Leave out the pictures and reproduce all of the data exactly.

Given information:
########

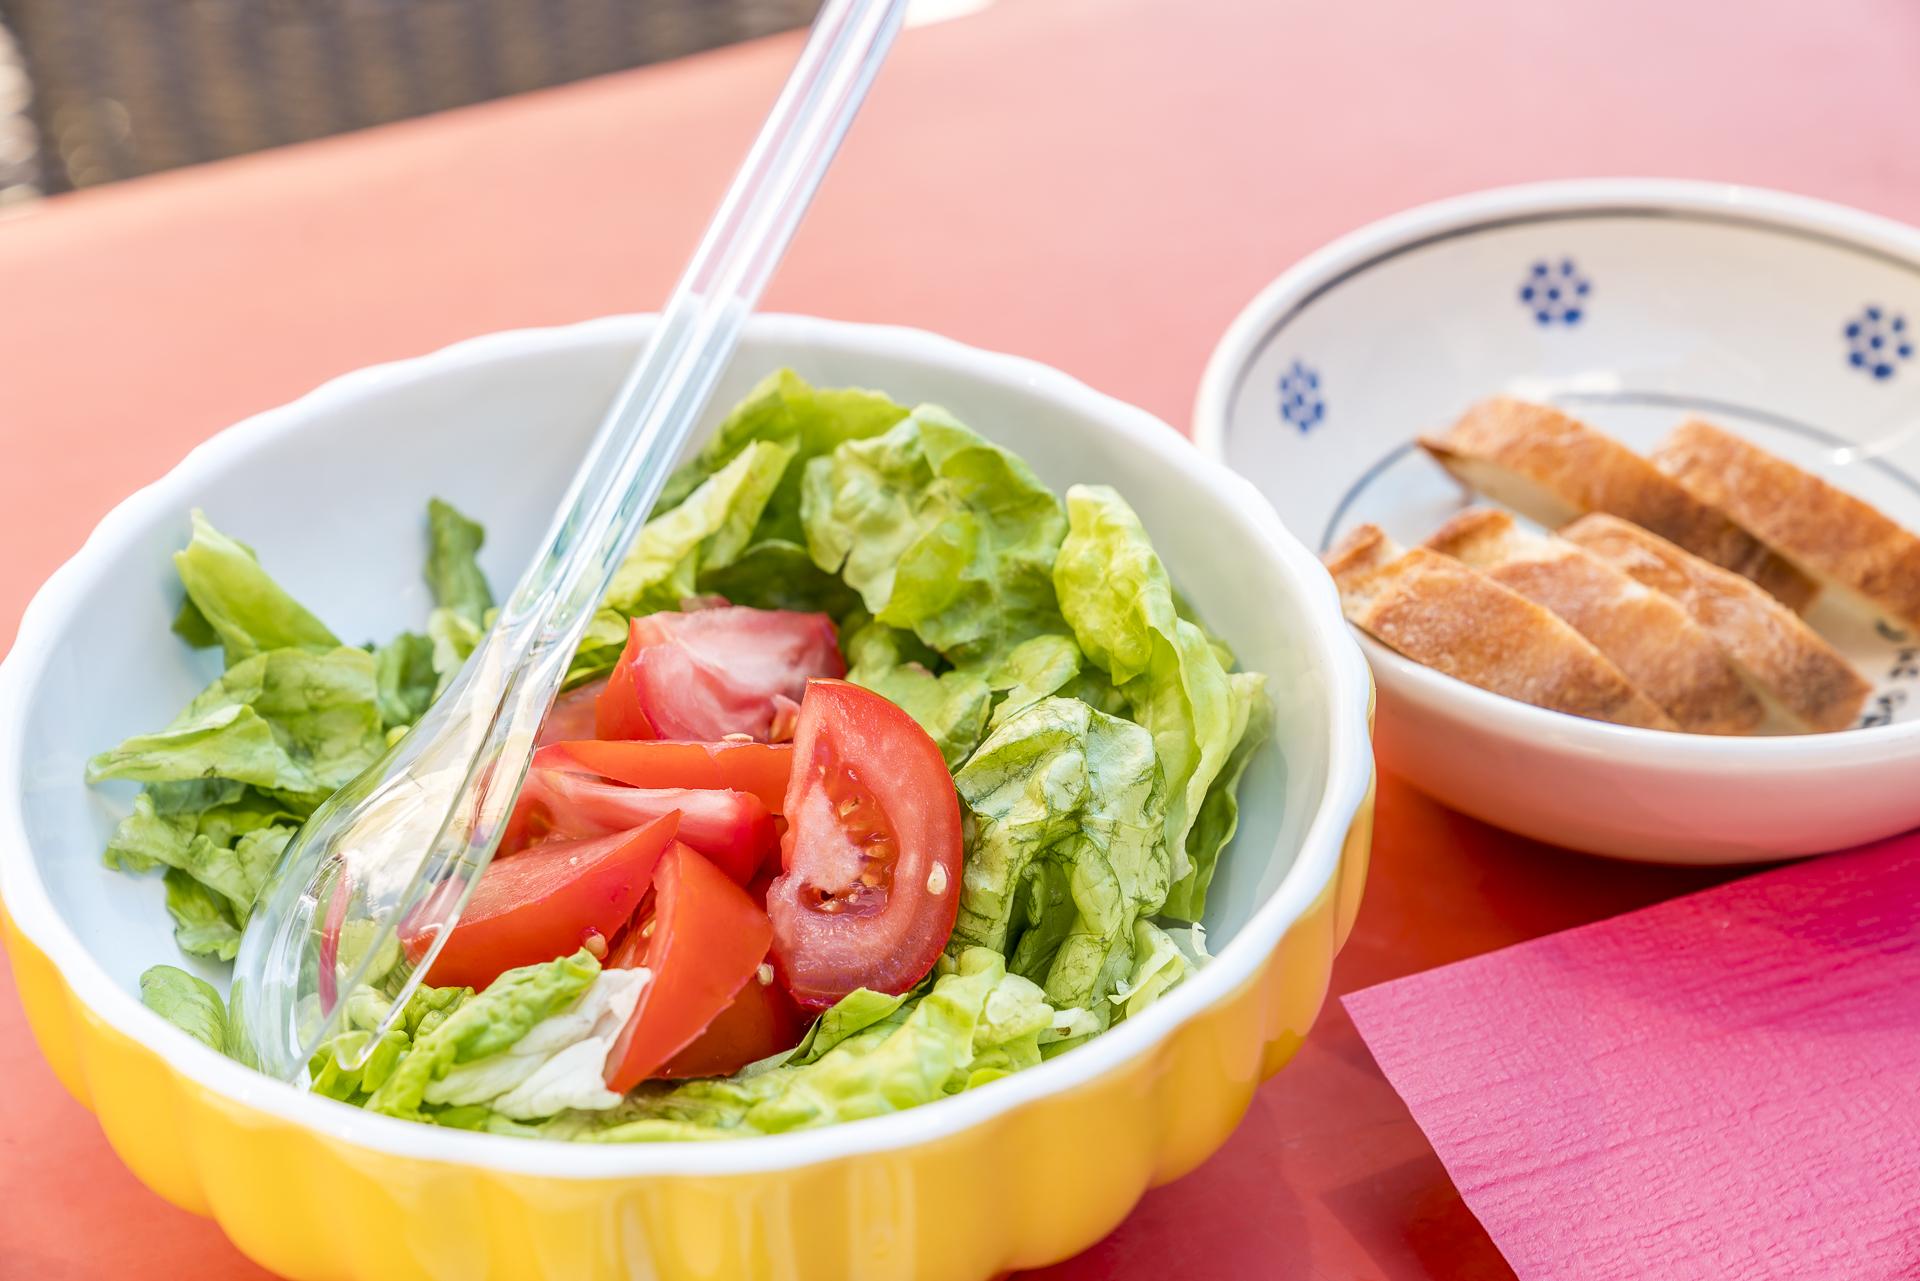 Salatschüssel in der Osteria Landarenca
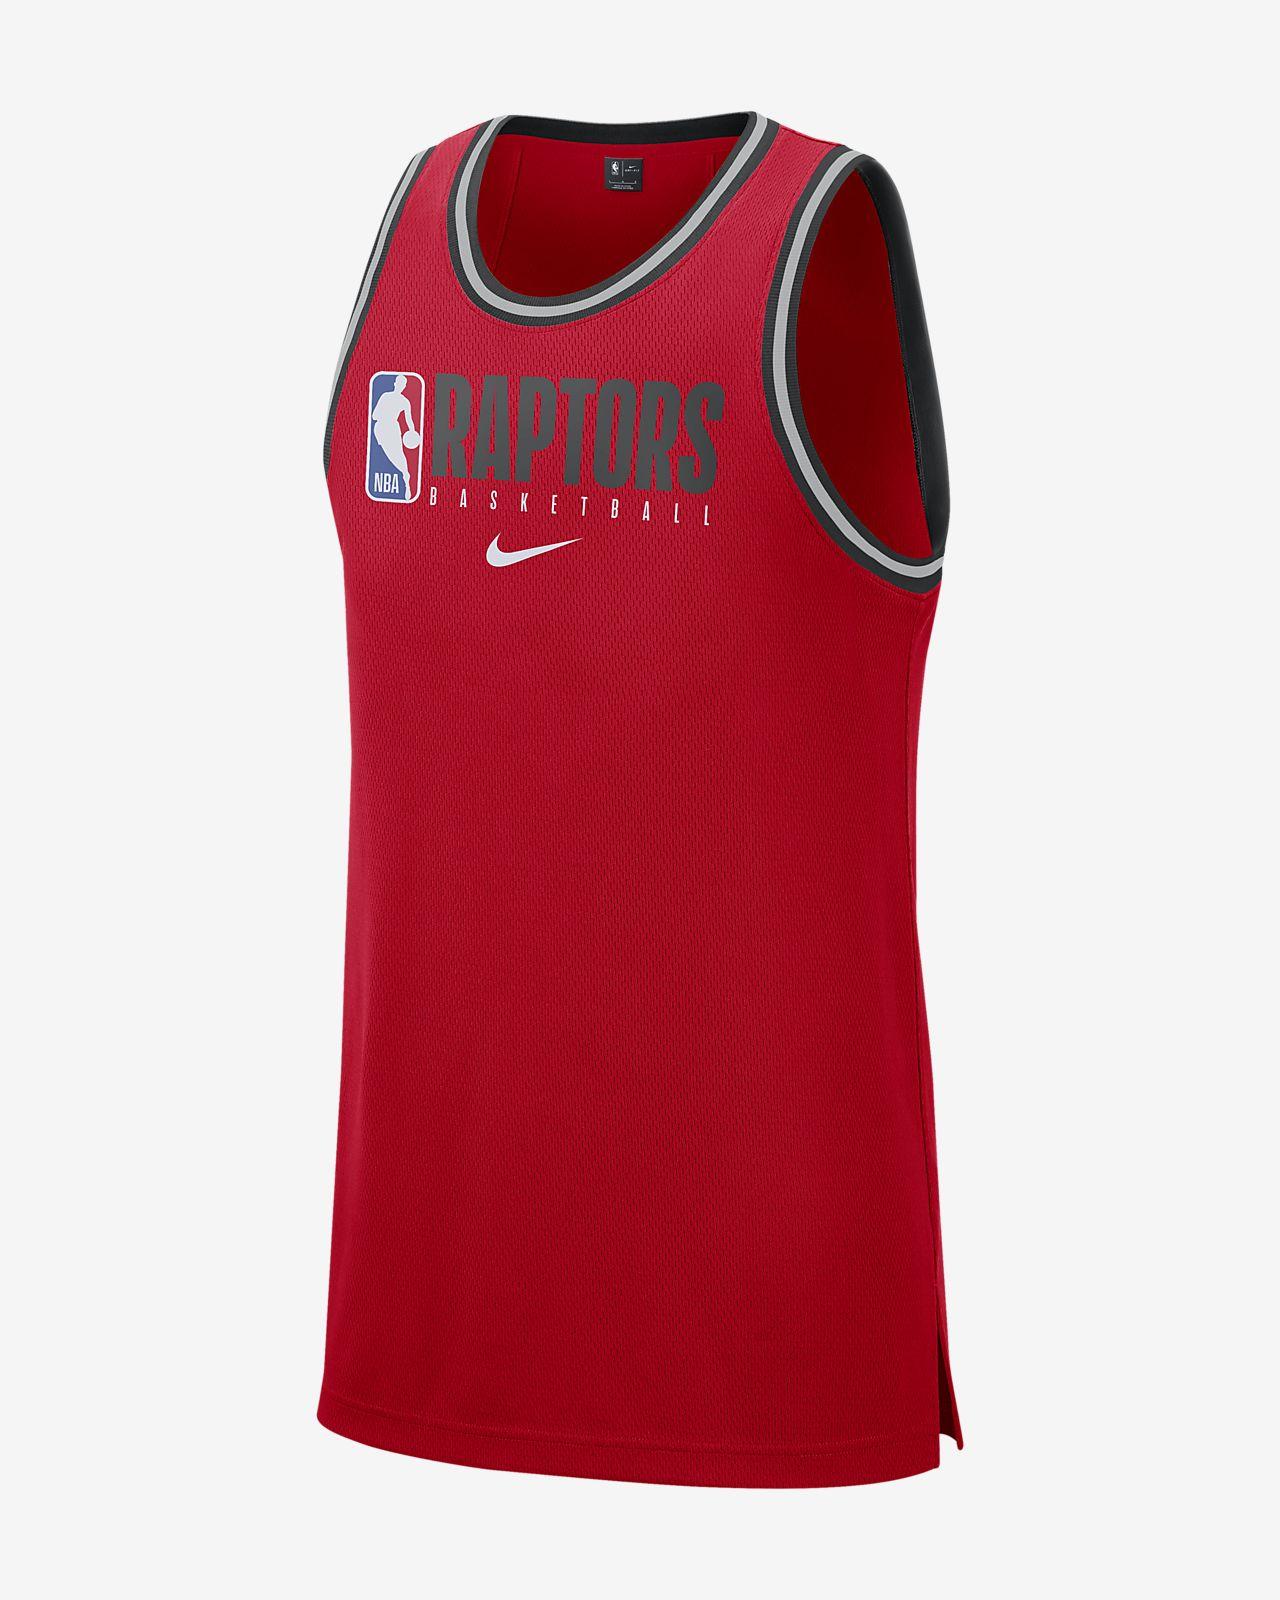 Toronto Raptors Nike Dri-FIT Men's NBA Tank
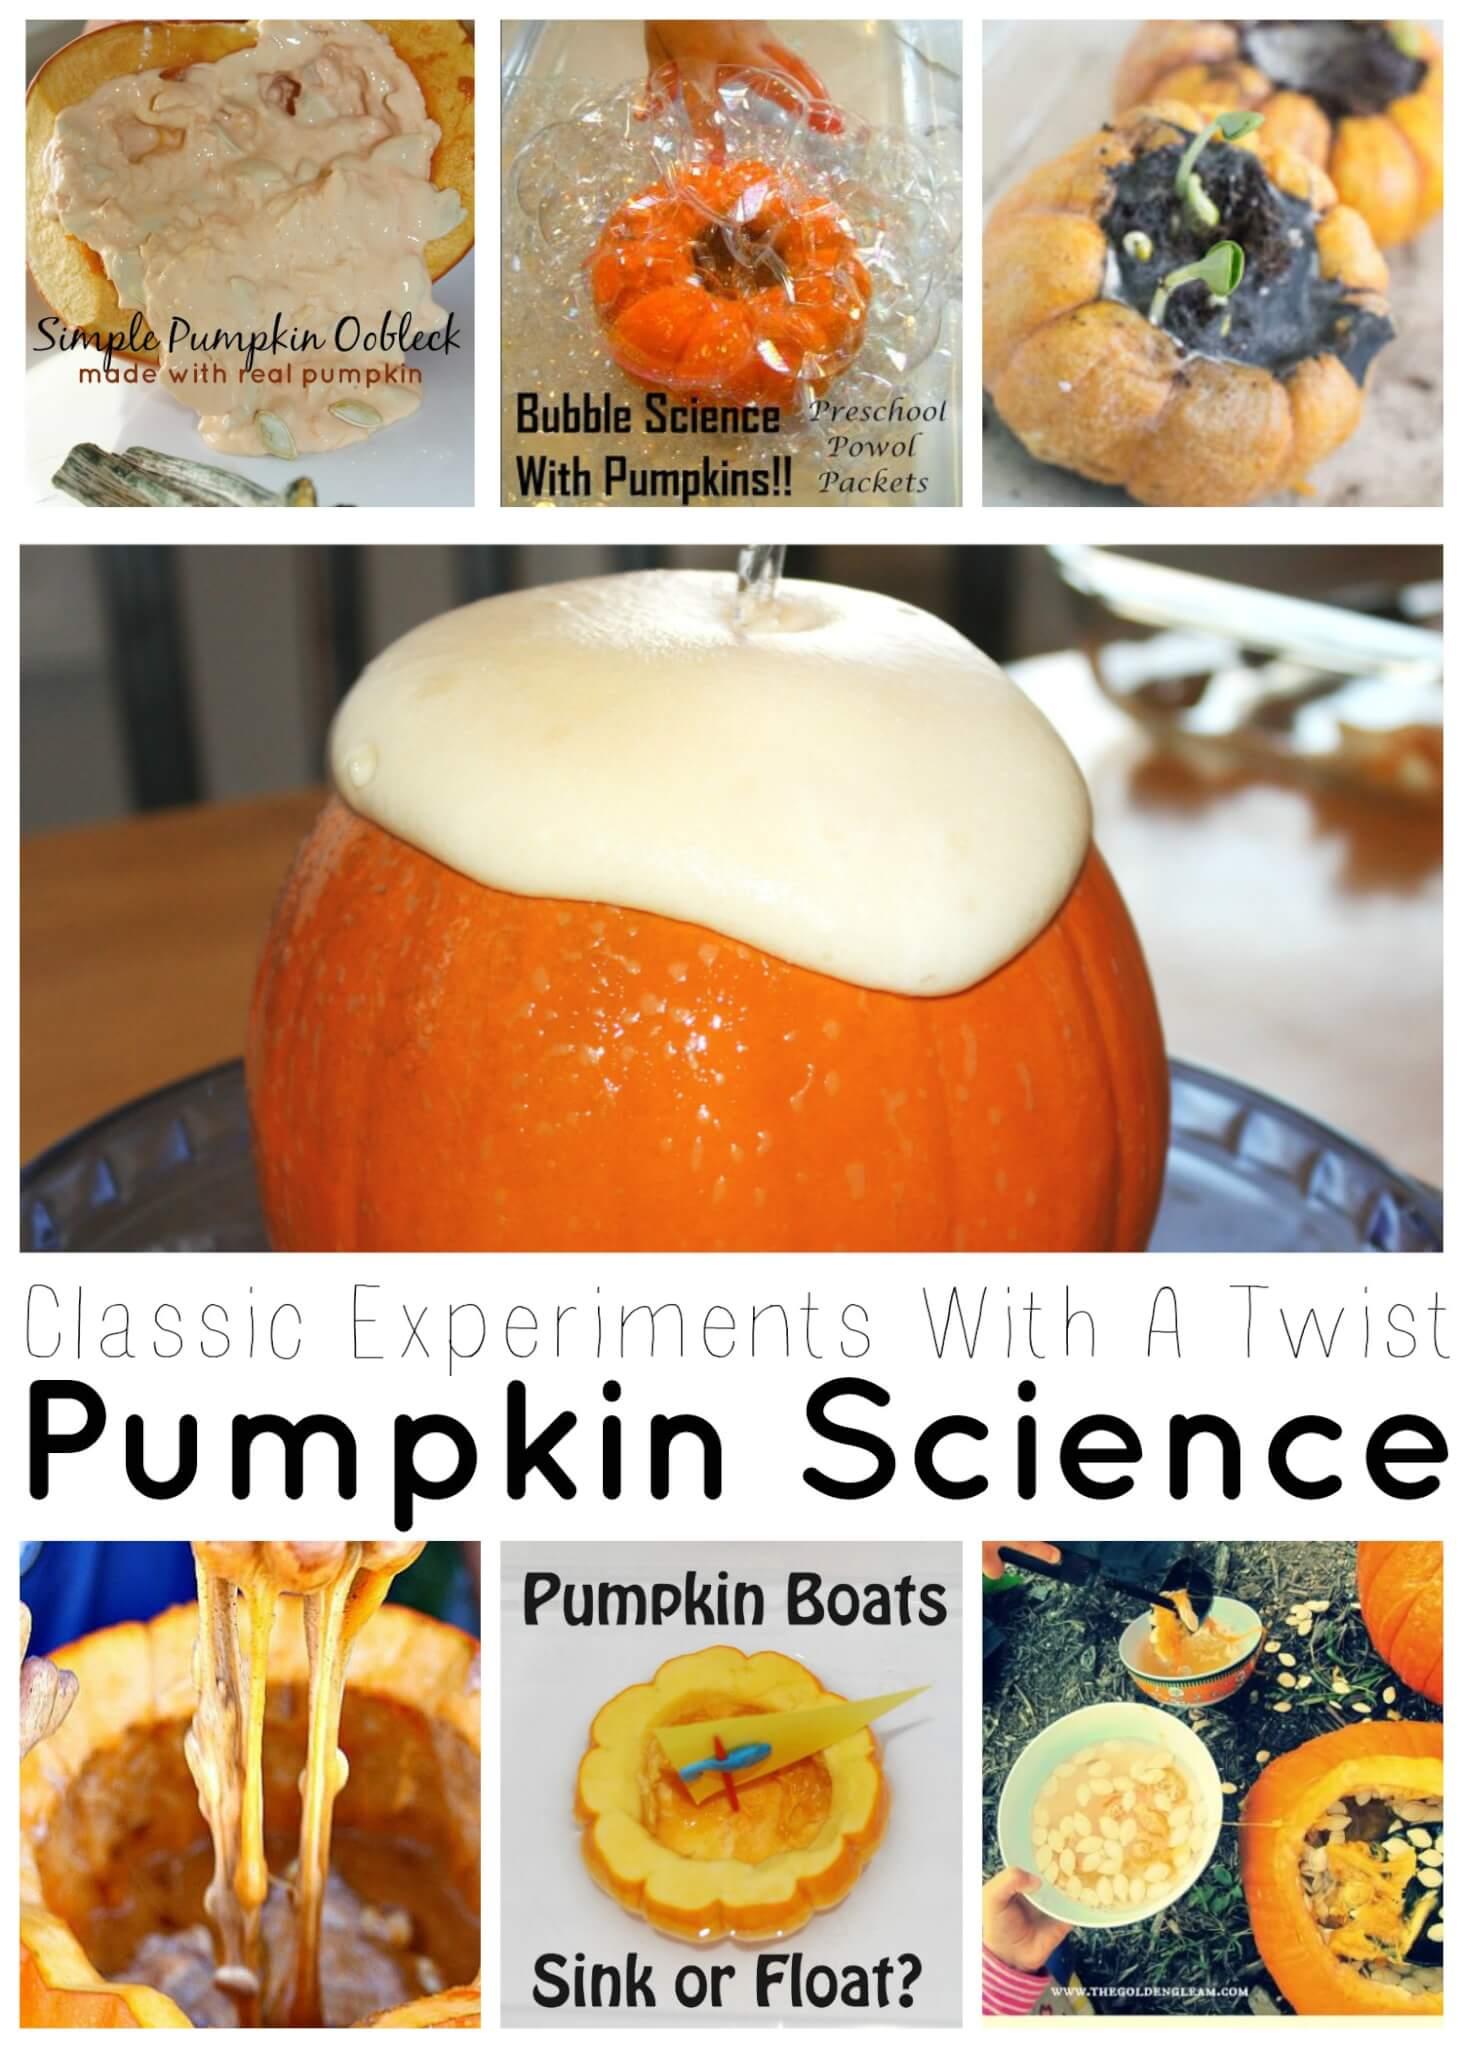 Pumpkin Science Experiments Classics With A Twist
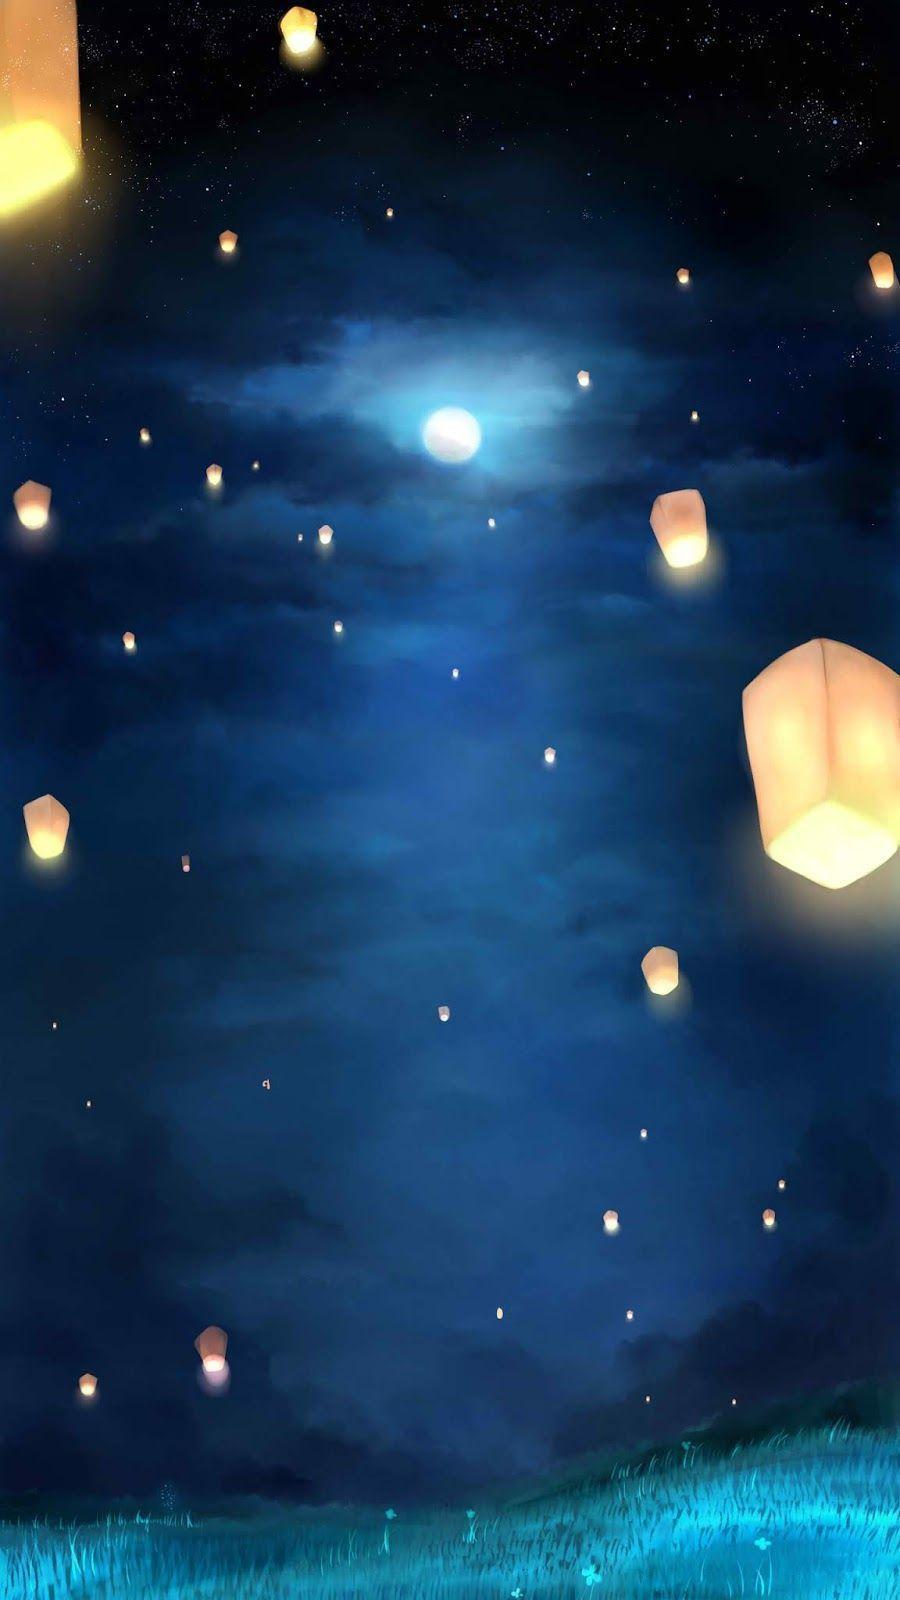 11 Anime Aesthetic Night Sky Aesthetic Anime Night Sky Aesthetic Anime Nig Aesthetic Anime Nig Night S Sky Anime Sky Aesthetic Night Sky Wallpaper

########

Result of the task:
 Salatschüssel in der Osteria Landarenca
 Toronto Raptors Nike Dri-FIT Men's NBA Tank
 Pumpkin Science Experiments Classics With A Twist
 11 Anime Aesthetic Night Sky Aesthetic Anime Night Sky Aesthetic Anime Nig Aesthetic Anime Nig Night S Sky Anime Sky Aesthetic Night Sky Wallpaper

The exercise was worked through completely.